At vero eos et accusamus et iusto odio dignissimos ducimus qui blanditiis praesentium voluptatum deleniti atque corrupti quos dolores et quas molestias excepturi sint occaecati cupiditate non provident, similique sunt in culpa qui officia deserunt mollitia animi, id est laborum et dolorum fuga. Et harum quidem rerum facilis est et expedita distinctio. Nam libero tempore, cum soluta nobis est eligendi optio cumque nihil impedit quo minus id quod maxime placeat facere possimus, omnis voluptas assumenda est, omnis dolor repellendus. Itaque earum rerum hic tenetur a sapiente delectus, ut aut reiciendis voluptatibus maiores alias consequatur aut perferendis doloribus asperiores repellat.
sorry, x tends to 0
That makes more sense.
yeah lol..any ideas?
You're going to have to use L'Hopitals rule because if you put 0 in for the Xs you get the indeterminant form 0/0.
ok, i'll give that a go
done the top and got 15x^2cosx^3... the bottom could take a while longer
If you can somehow determine that the bottom cannot equal zero, you could save yousrself a good deal of time, since the top will always equal zero.

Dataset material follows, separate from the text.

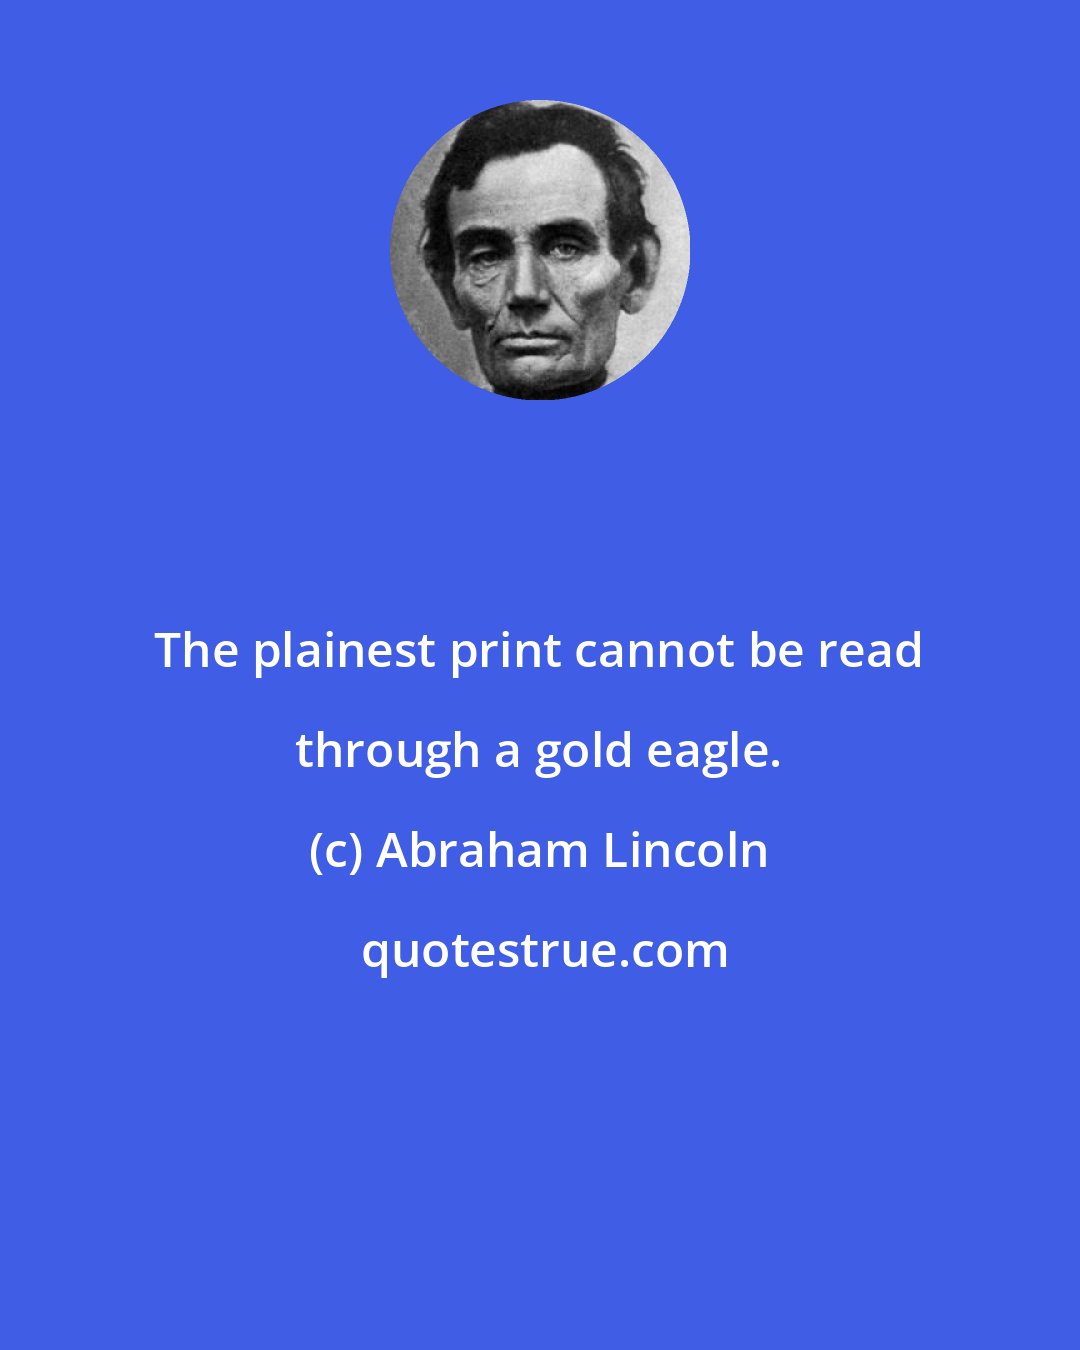 Abraham Lincoln: The plainest print cannot be read through a gold eagle.
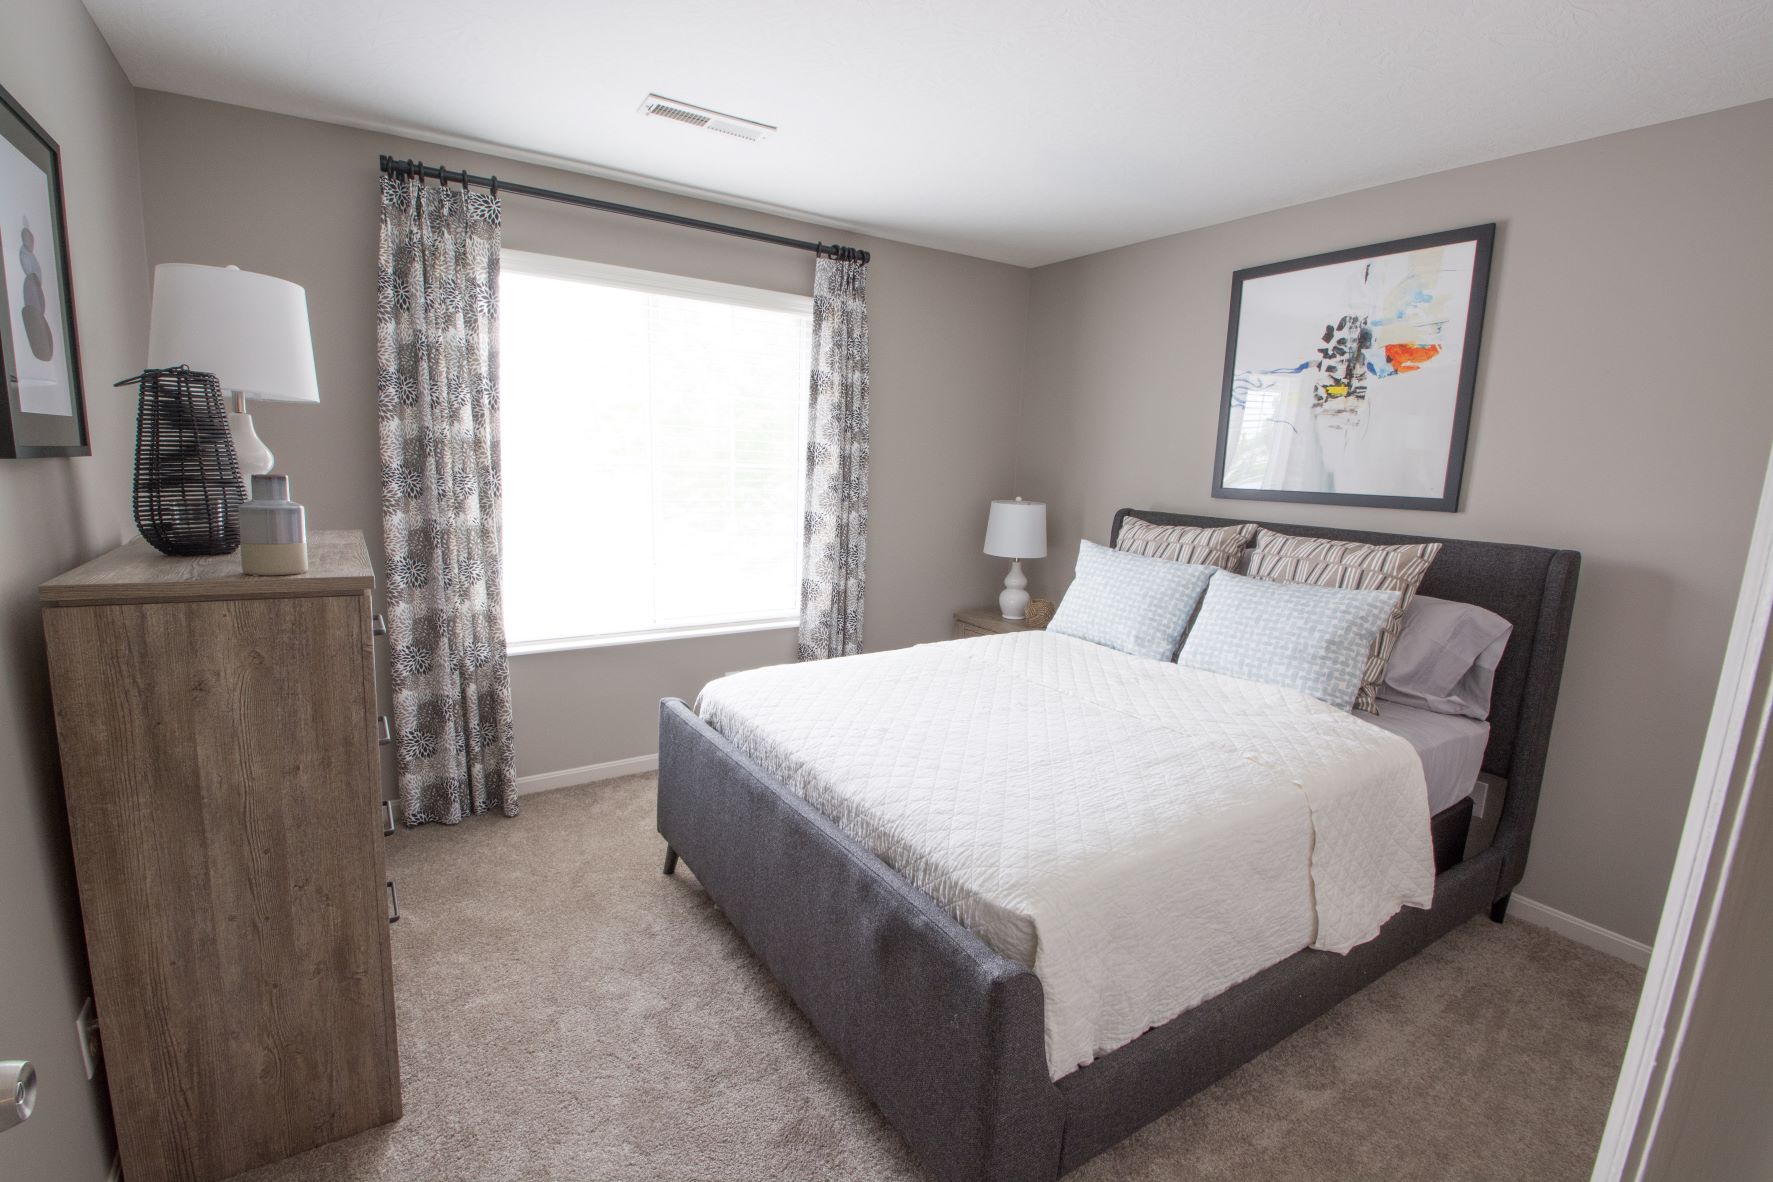 One and Two Bedroom Apartments at Stone Bridge Apartments in Mason, Ohio

is there any sin/cos equations for sin^3(x) that can be used
its just gonna be a long retricel'hopital iteration i think
it cant be that difficult, its only worth 2 marks lol
sin^3 is tricky in the way that you need to use two of the derivation methods you've been taught. Rewrite it as (sin(x)) ^ 3 Now use the power rule + chain rule 3(sin^2(x))(cos x) Another iteration will be required.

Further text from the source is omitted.